Closed pstroe closed 2 years ago
Hello, thank you again for your enthousiasm and these propositions. The "htr-united.yml" file in htr-united/ should only be modified via Github actions. To add your metadata, you need instead to create 1 file per dataset within a folder dedicated to the project(s), inside htr-united/catalog/.

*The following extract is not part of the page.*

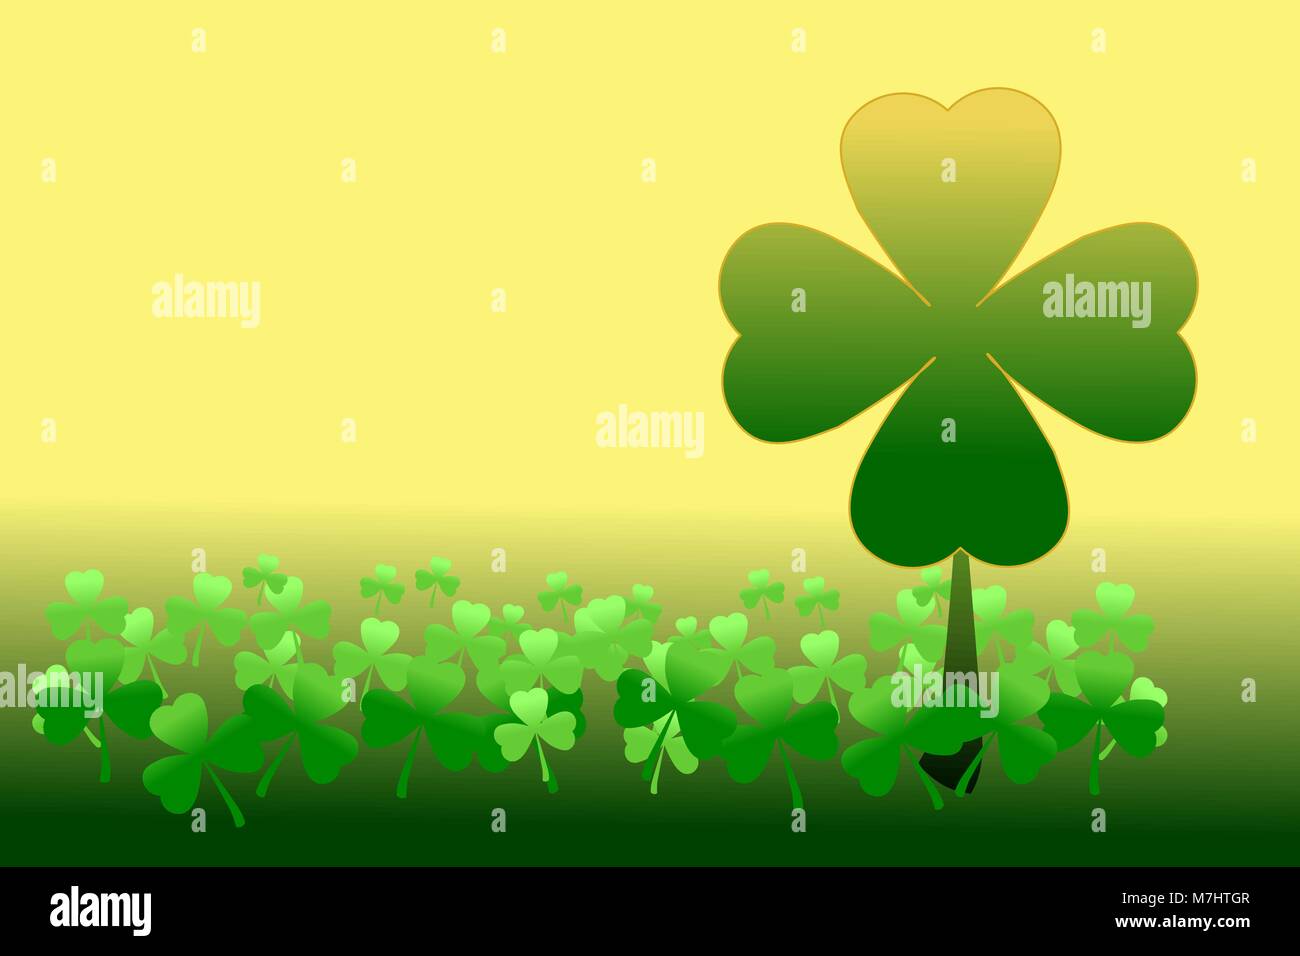 Happy Saint Patrick's day. Schéma des trèfles, trèfle 4 feuilles parmi les trèfles 3 feuilles or et vert sur fond dégradé. Vector illustration. Illustration de Vecteur

For example the description you added for "Gwalther HTR GT" should go in a file named gwalther-htr-gt.yml
inside a folder named bullinger-digital/
(I got this info from the Zenodo repo, maybe you don't want to mention the project?) inside catalog/
.
If you are not sure how to do, you can:
Let me know if you need more explanation, and of course if you found it was not clear enough, tell us so we can improve the instructions! :)
I don't know if this is normal but the files seems to be empty. If you need some help, we can apply some changes ourselves :) I just recorded a demo video (no sound) if that can be helpful (we are still learning !)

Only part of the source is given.